§ **Given data**:
────────────────────

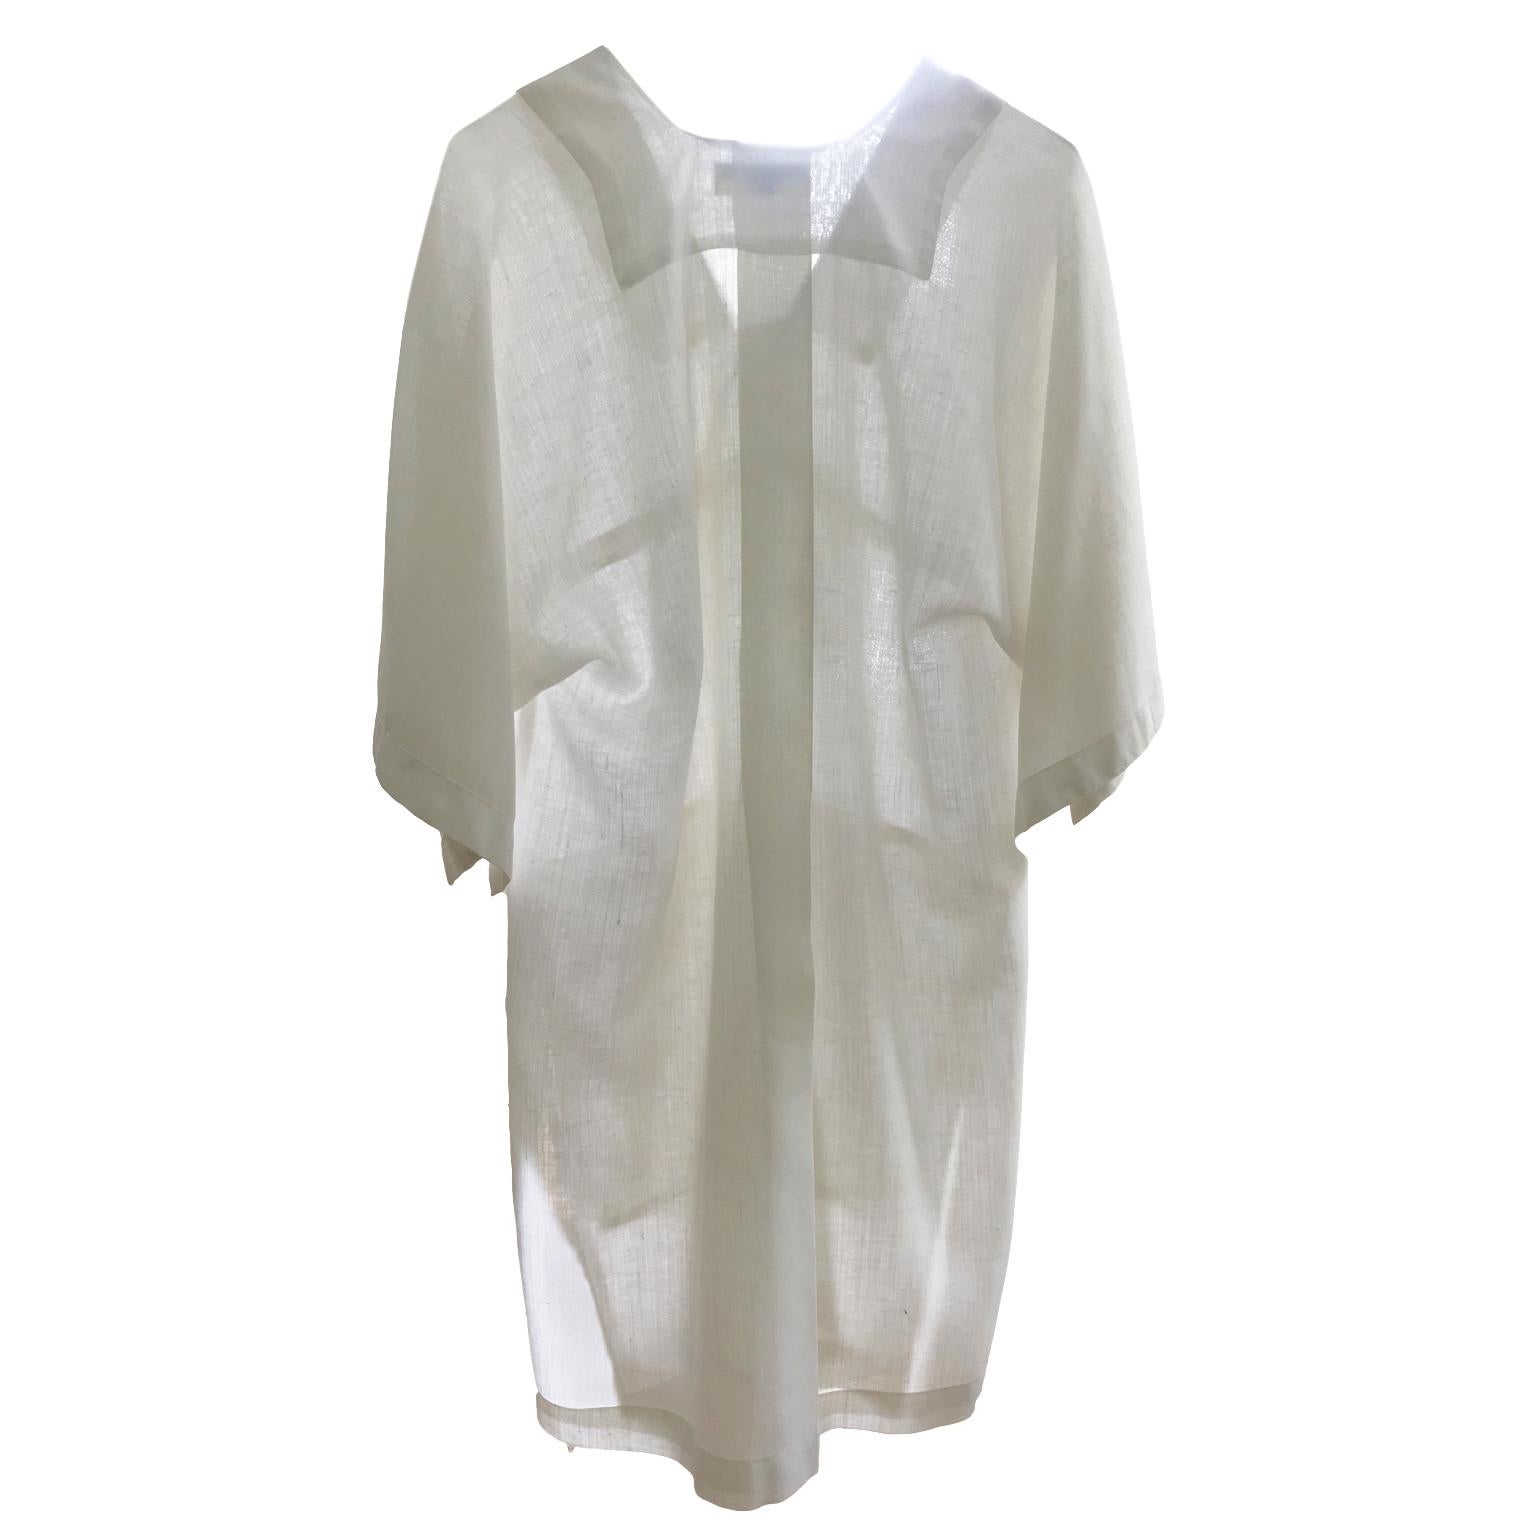 Issey Miyake kaftan / Dress Shirt from circa 1973. Rare find early Issey Miyake piece.
Dolman sleeve :  47 cm (from neck point)
Length back : 88 cm
Width : 49 cm

────────────────────

§ **Work instruction**: Once the pictures are removed, copy the listing exactly.

§ **Response area**:
 Issey Miyake kaftan / Dress Shirt from circa 1973. Rare find early Issey Miyake piece.
Dolman sleeve :  47 cm (from neck point)
Length back : 88 cm
Width : 49 cm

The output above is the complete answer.